Now I will create another service monitor for the MS FCS State Assessment service. I will move through this one faster, because you know the drill. I will make this one yellow Warning in health state and also alert on Warning state. Go to the aggregate monitor again (actually select it first) and right-click it and Create a Monitor -> Unit monitor. It is a Windows Services -> Basic Service Monitor. Select the right MP! Give it a name (paste the name of the service) and give it a description. Make sure monitor target is Windows Computer_Extended. Parent monitor is Microsoft FCS Application. We DISABLE the monitor. We select the right service by selecting a machine that runs this service and selecting it. In this case I map the health state of Service is not running to Warning. I will generate an alert (so enable it) when the monitor is in a warning health state (check this is the right one with the previous screen in this wizard). Adjust alert name and description. I will give this one a Medium Priority and a Warning Severity.
So now we have to service monitors.
Next step is to check if attribute discovery is actually working and has found the application installed anywhere.
In the SCOM console go to the Monitoring pane. Near the very top of the tree on the left side go to Discovered Inventory. On the right side in the Actions pane click the Change Target Type button. Find the Windows Computer_Extended again. Now check if you see the following:
In this case you will see a machine that has done the check and found the Microsoft FCS Client to be true. Other machines that do not have it installed will display false in that column. Remember that the discovery runs once every day, so for some machines it will take a while to appear over here. If you are in a hurry just go to that machine and restart the System Center Management service to have it re-run the discoveries and you will see it within a few minutes. As you know these discoveries will fill the group we created earlier.
Now we will enable monitoring by going back to those monitors and enabling them for the group we have created. Here we go. Go to the Authoring pane and find the monitors again. If you just came from there the scope should still be there are you will find them in a second. Select the first service monitor. Right click it and select Overrides – Override the monitor – for a group. We will select the group we created. In my case Microsoft FCS Client Computers.

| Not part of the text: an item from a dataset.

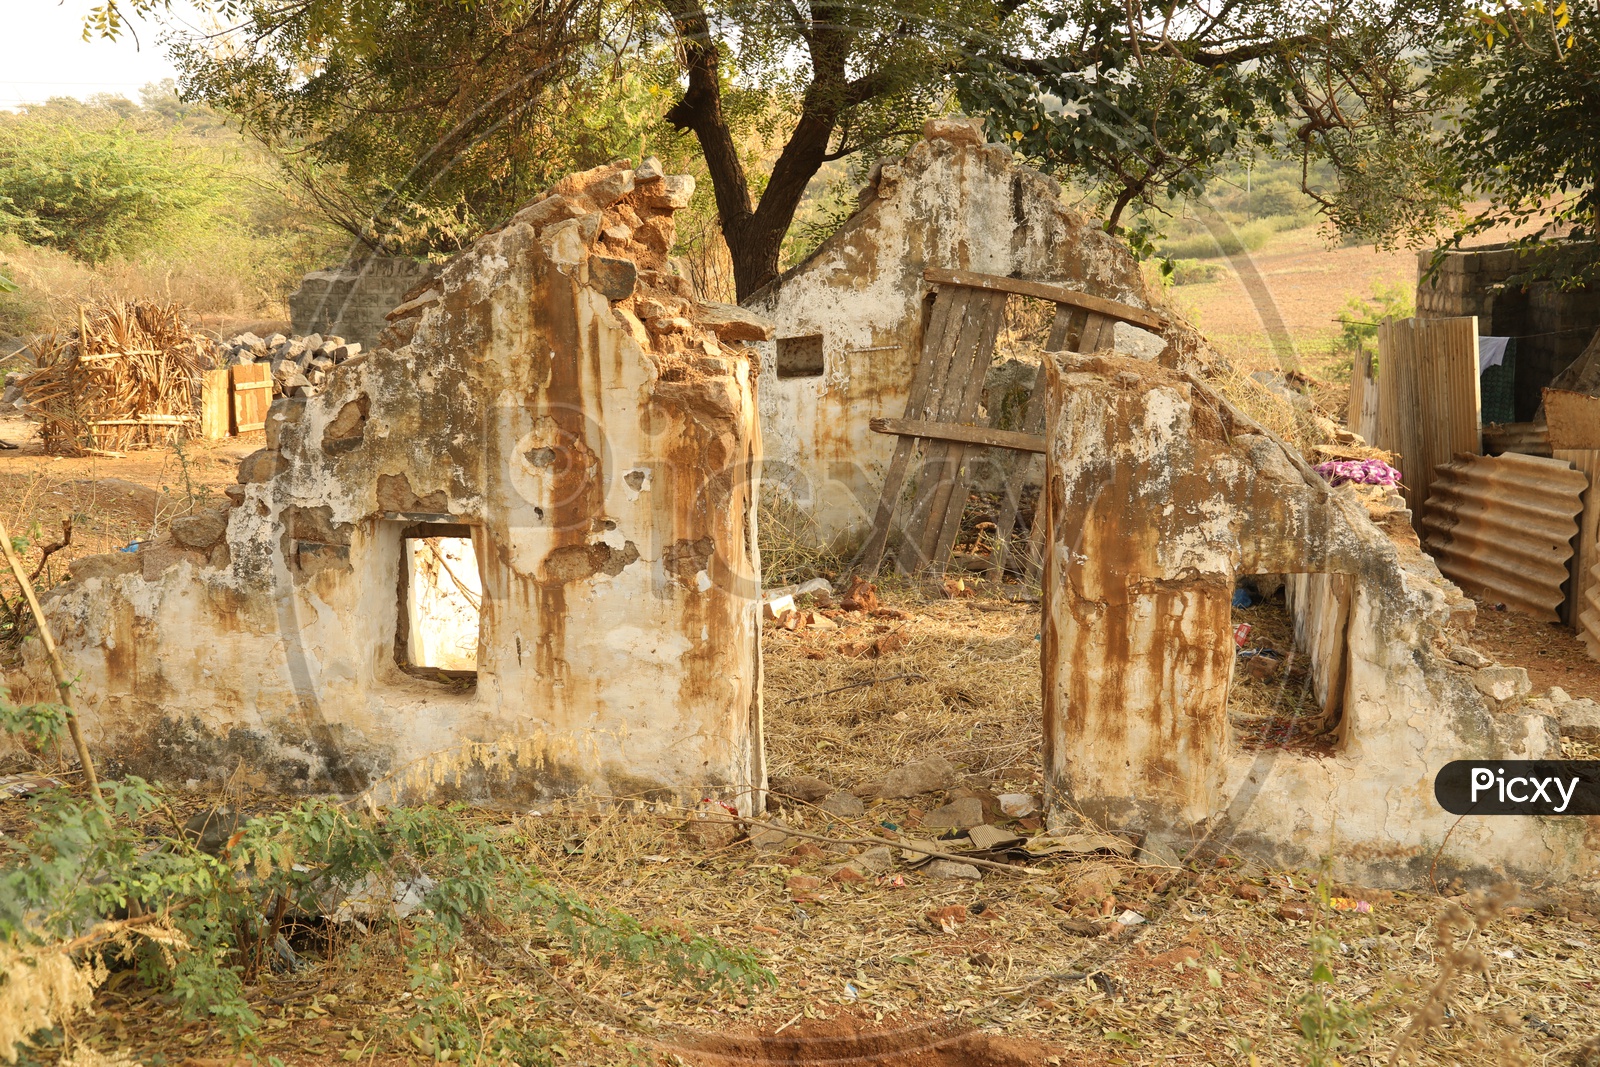 An abandoned old house in an Indian village

We will now enable this monitor for this group. Set Enabled to True.
Click OK and now make the same override for the other service (in my case). Now get something to drink again and after returning open a health explorer on a machine where the application was discovered:
There they are. And the results when we stop the services:
So one red and one yellow. We start the services again and everything turns green again in health state and alerts go away.
From here you can do more fun stuff like creating state and alert views in the monitoring pane. Perhaps a task to Start the service targetted at this class, so when you click the alert you get a task on the right side of the screen to start the service right from there. Perhaps you want to create availability reports. Perhaps you want to add Rules to check the event viewer for certain entries that are related to this application. All things that are out of scope for this post. There are lots of resources on how to do those kind of things as well.
I think this is the place to stop now for this session. But you have seen how you can still build up monitoring an application from the SCOM console, without going to the Authoring console or XML yet. There are multiple roads that lead to the same result and sometimes a better one 🙂
The next post in the series is Part 5 and will be about monitoring a Unix/Linux service. I will use the monitoring template again for this one and use just a few screen shots to get things done due to the great work of the product team.